● **What the task asks**: Return every entry below word for word and leave out any picture.

= = =

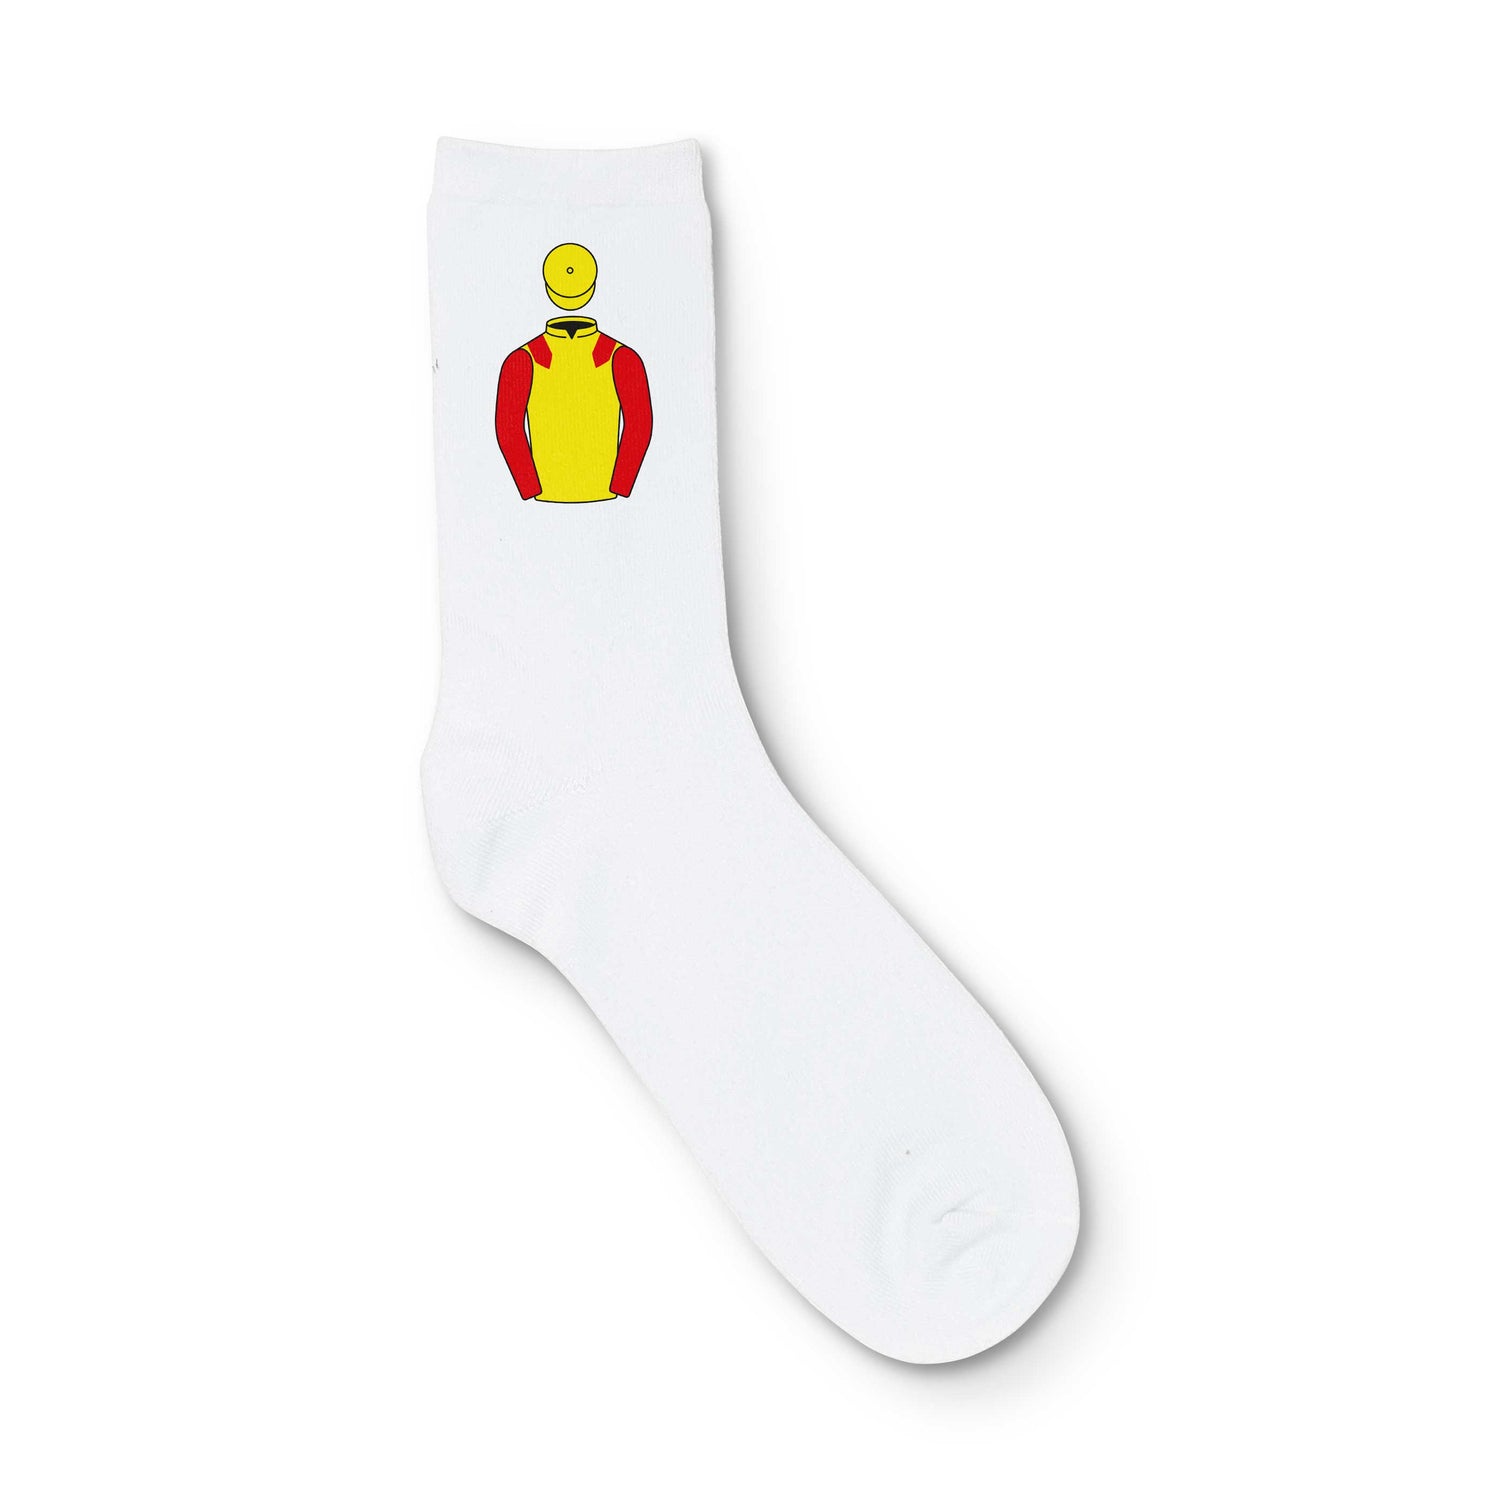 Anamoine Limited Printed Sock - Printed Sock - Hacked Up
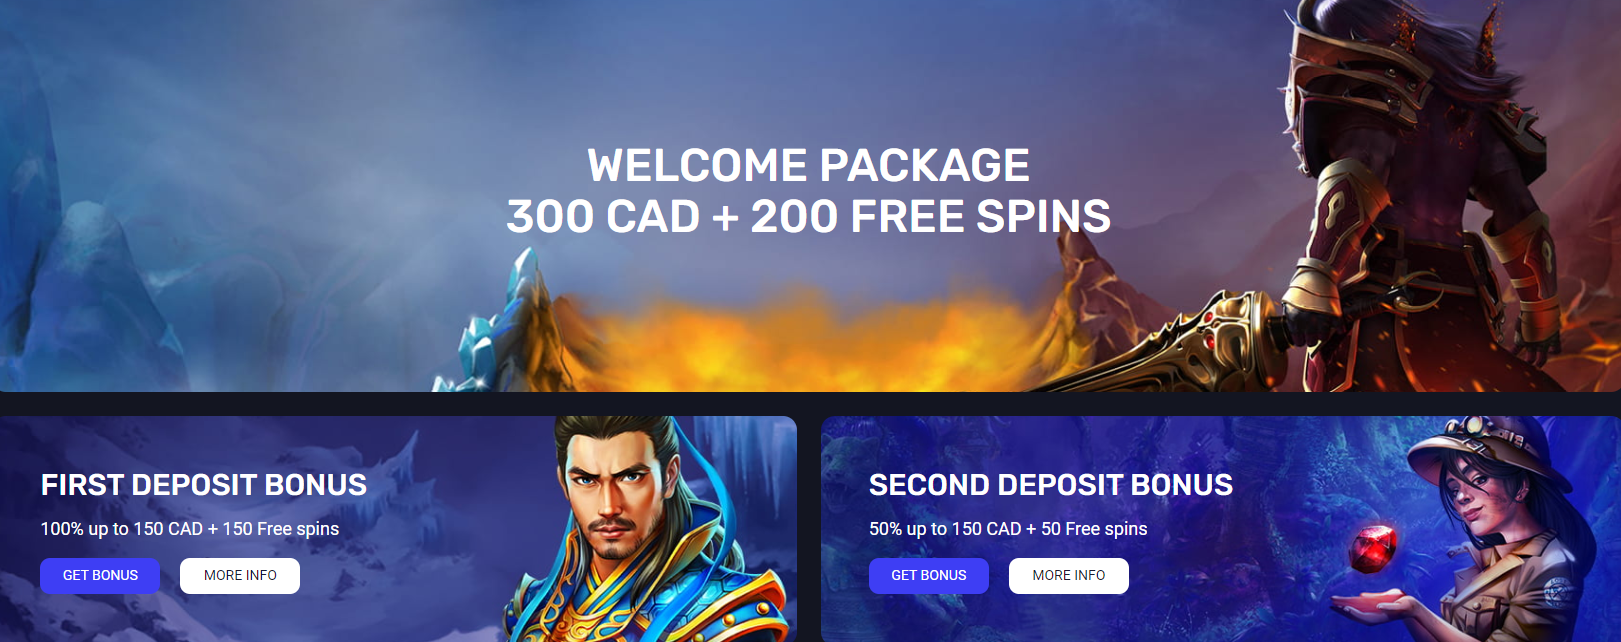 Wow Casino No Deposit bonus codes 2022
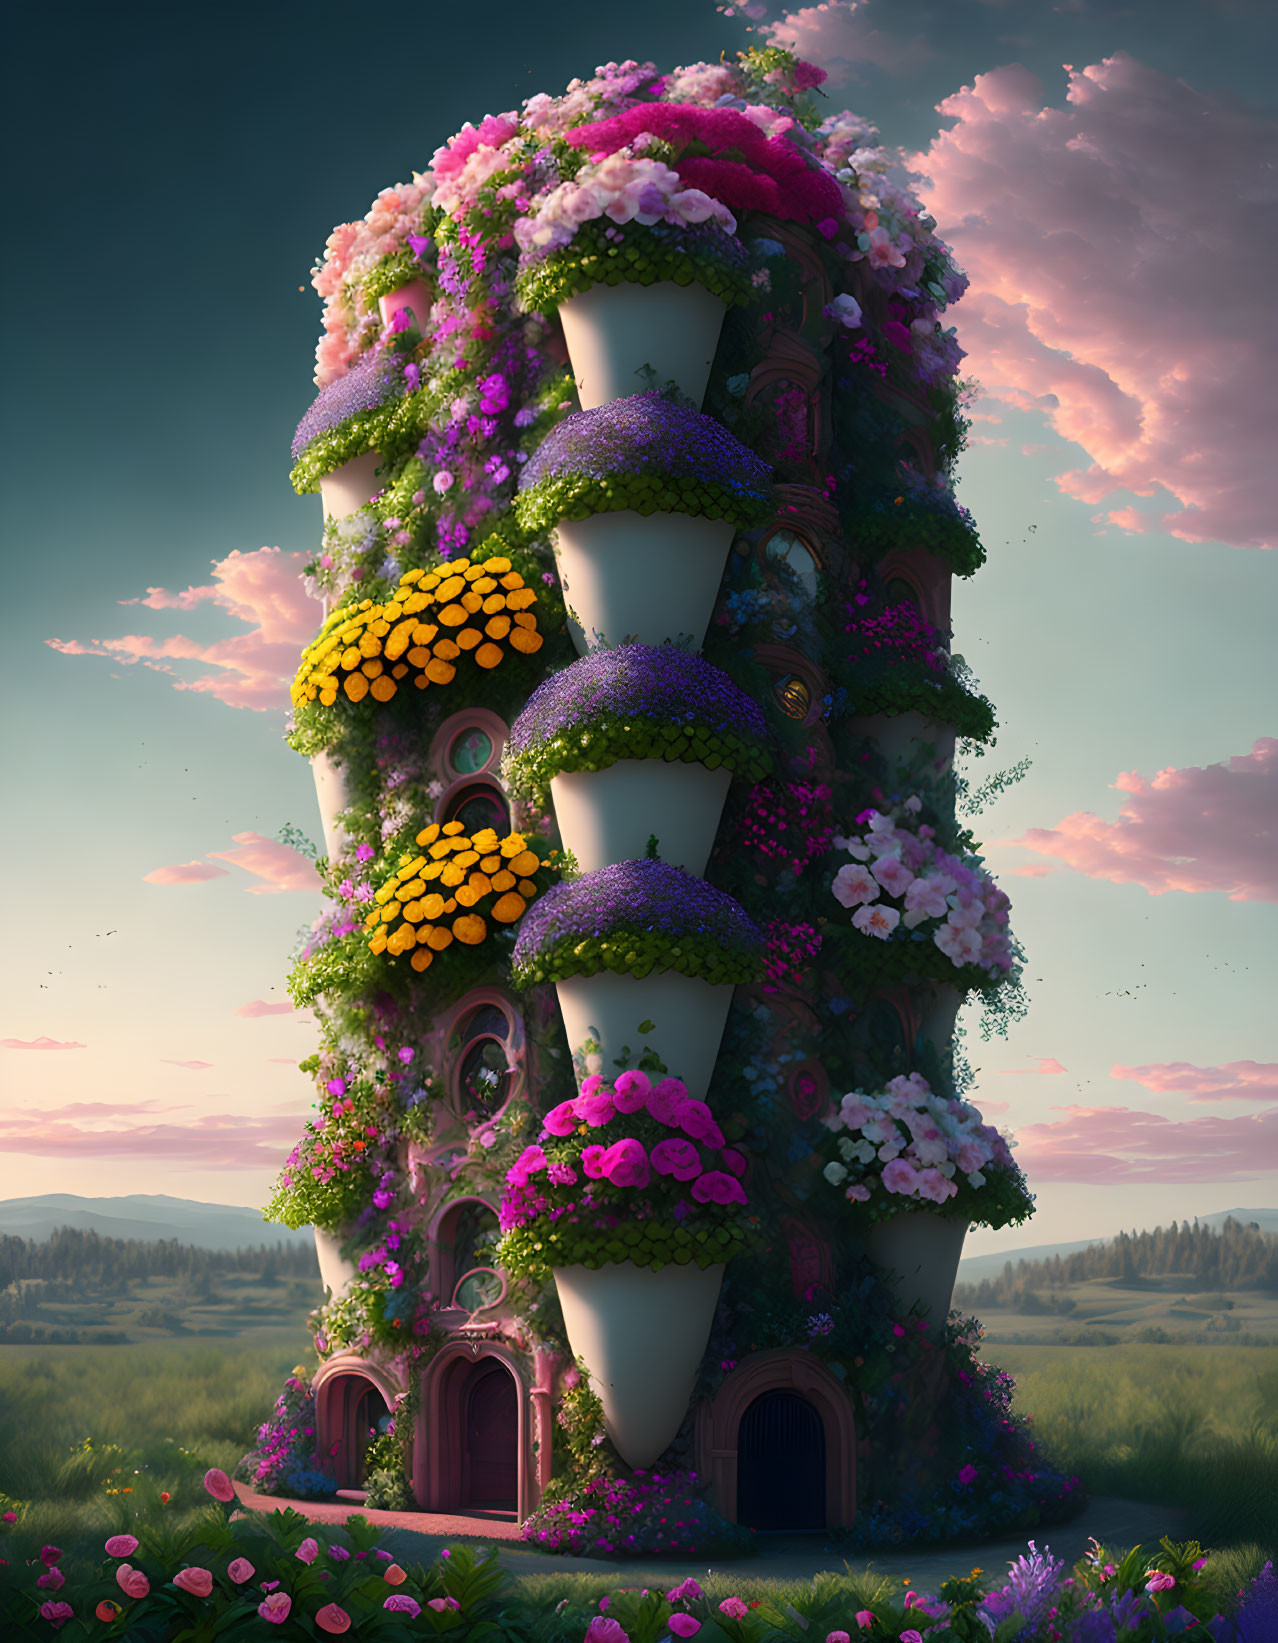 flower tower
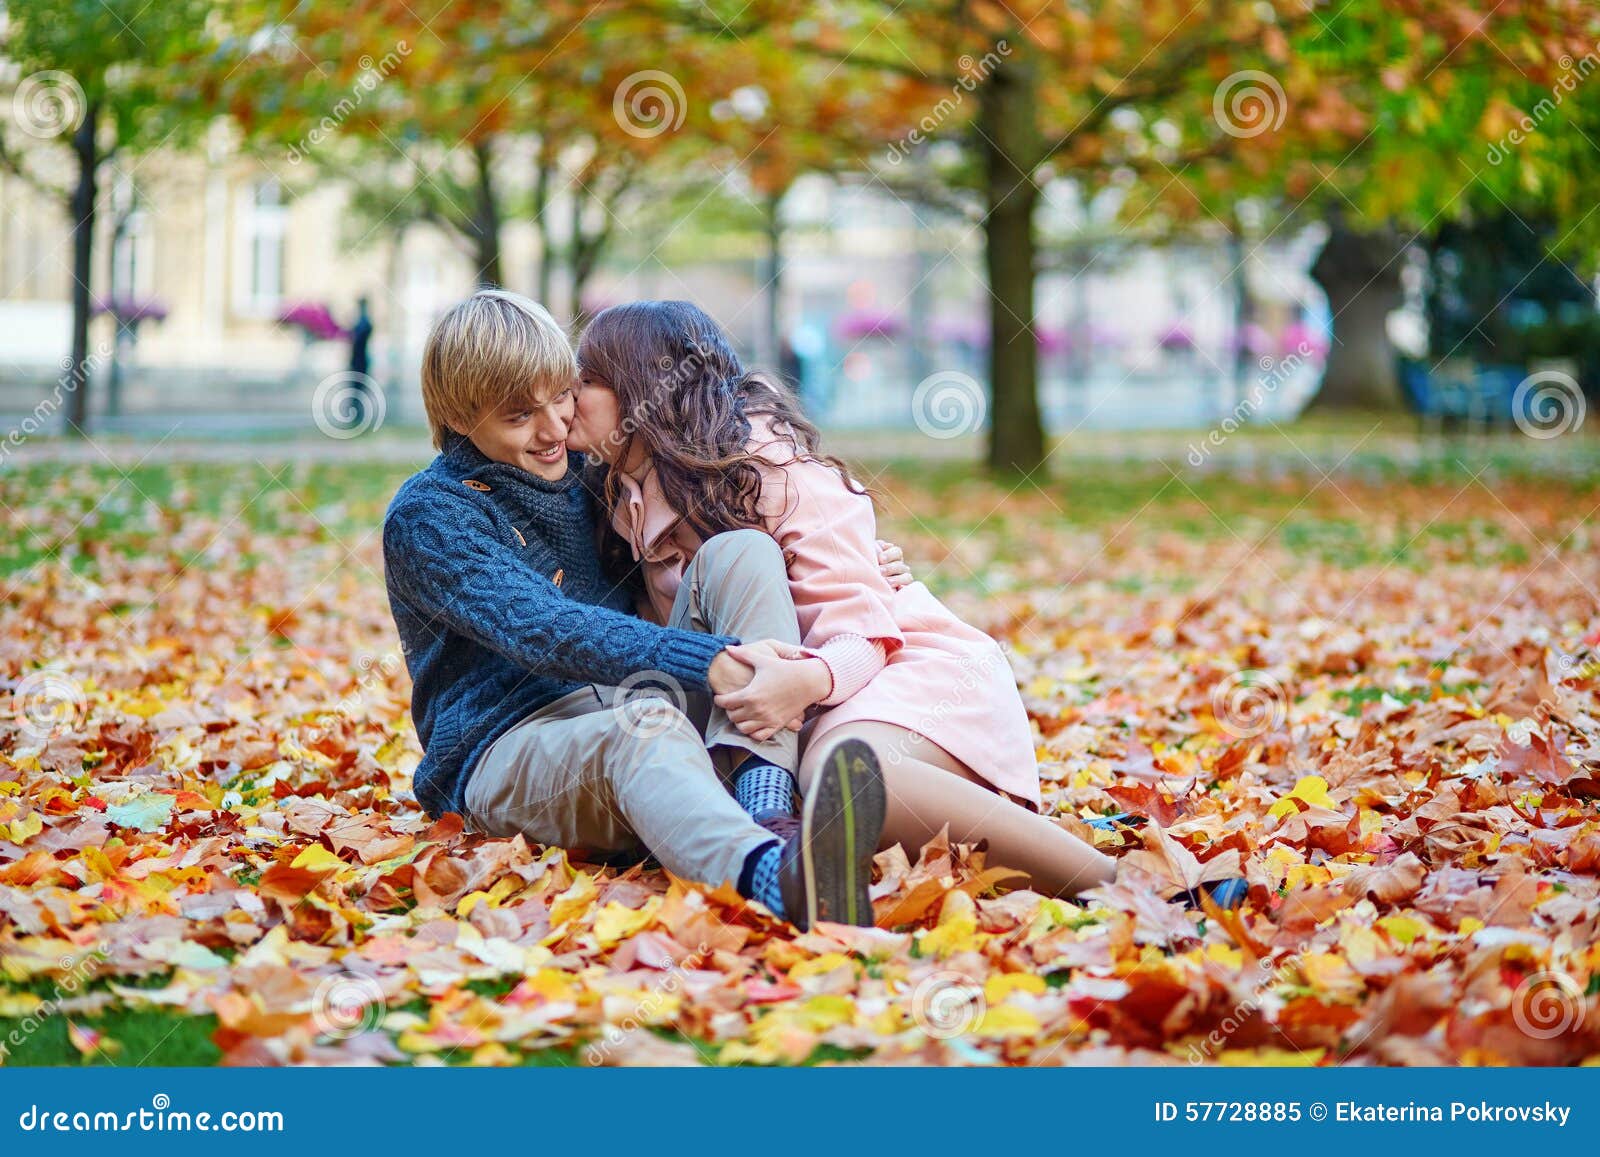 fall dating
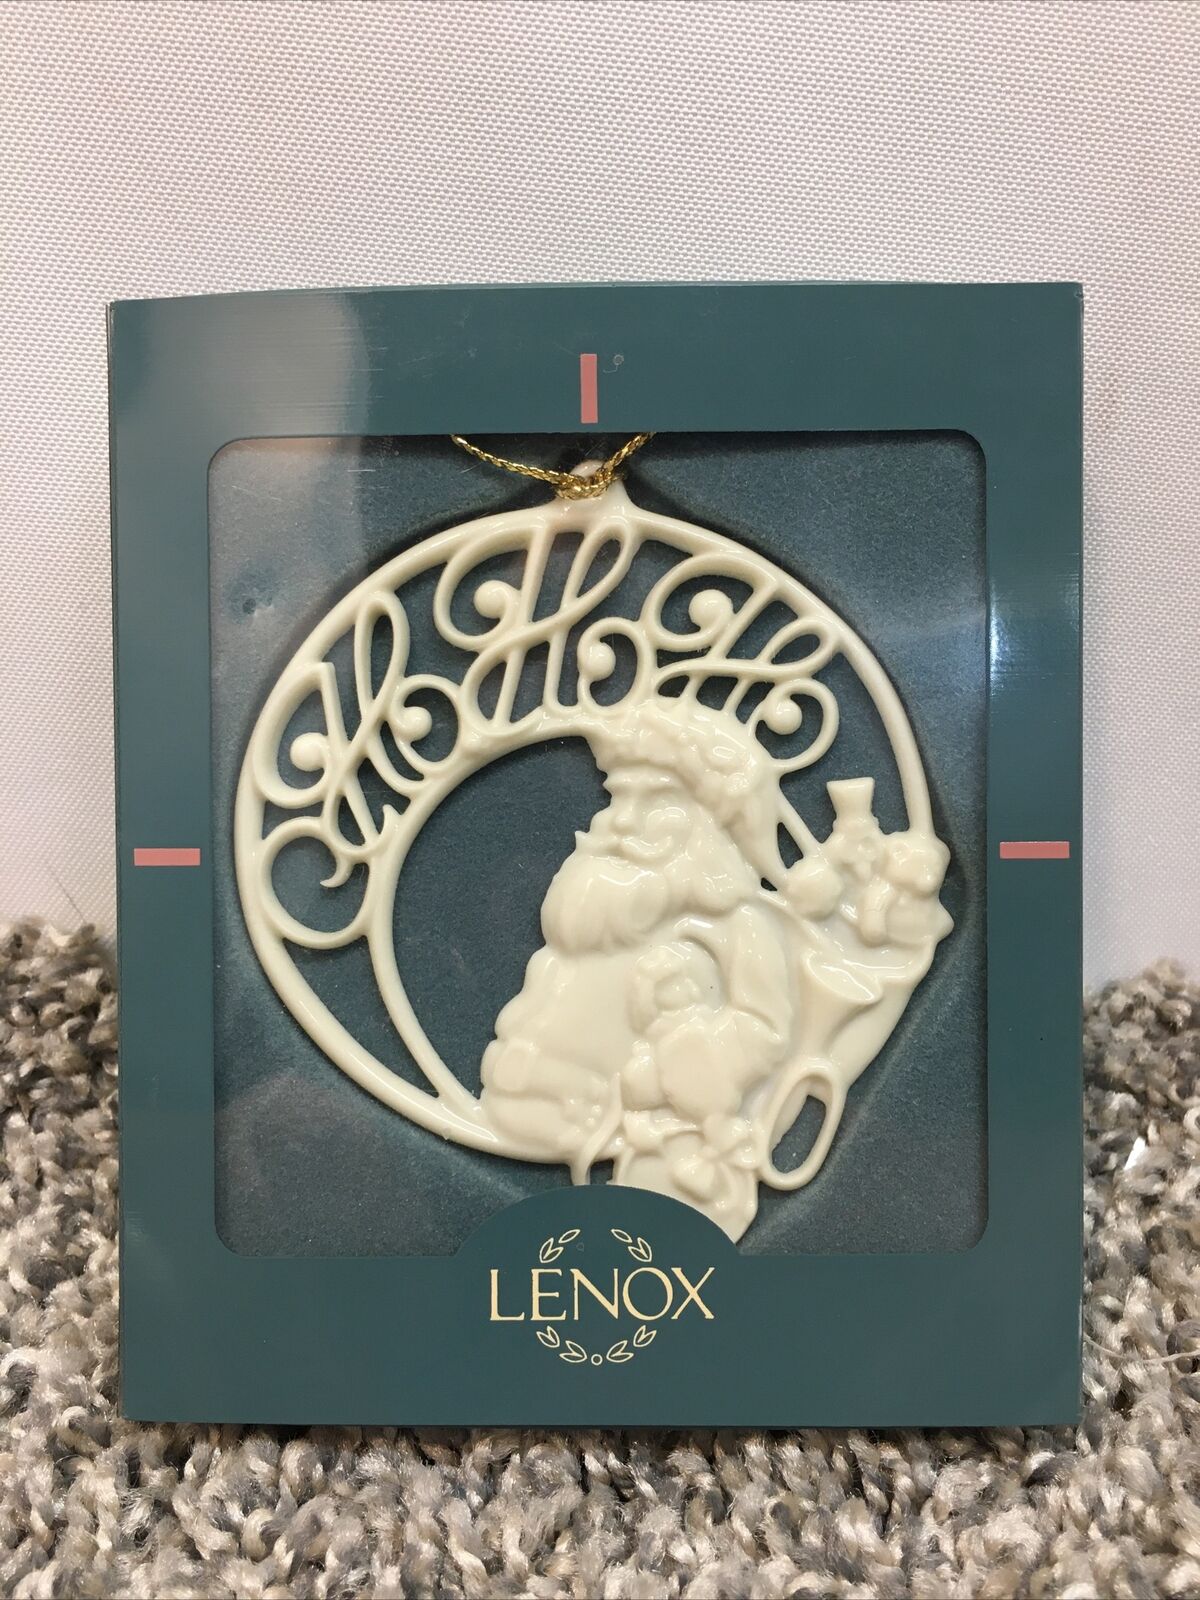 LENOX Holiday Wishes “Ho Ho Ho” Santa Claus Porcelain Christmas Ornament in Box

= = =

● **Solution**:
 Anamoine Limited Printed Sock - Printed Sock - Hacked Up
 Wow Casino No Deposit bonus codes 2022
 flower tower
 fall dating
 LENOX Holiday Wishes “Ho Ho Ho” Santa Claus Porcelain Christmas Ornament in Box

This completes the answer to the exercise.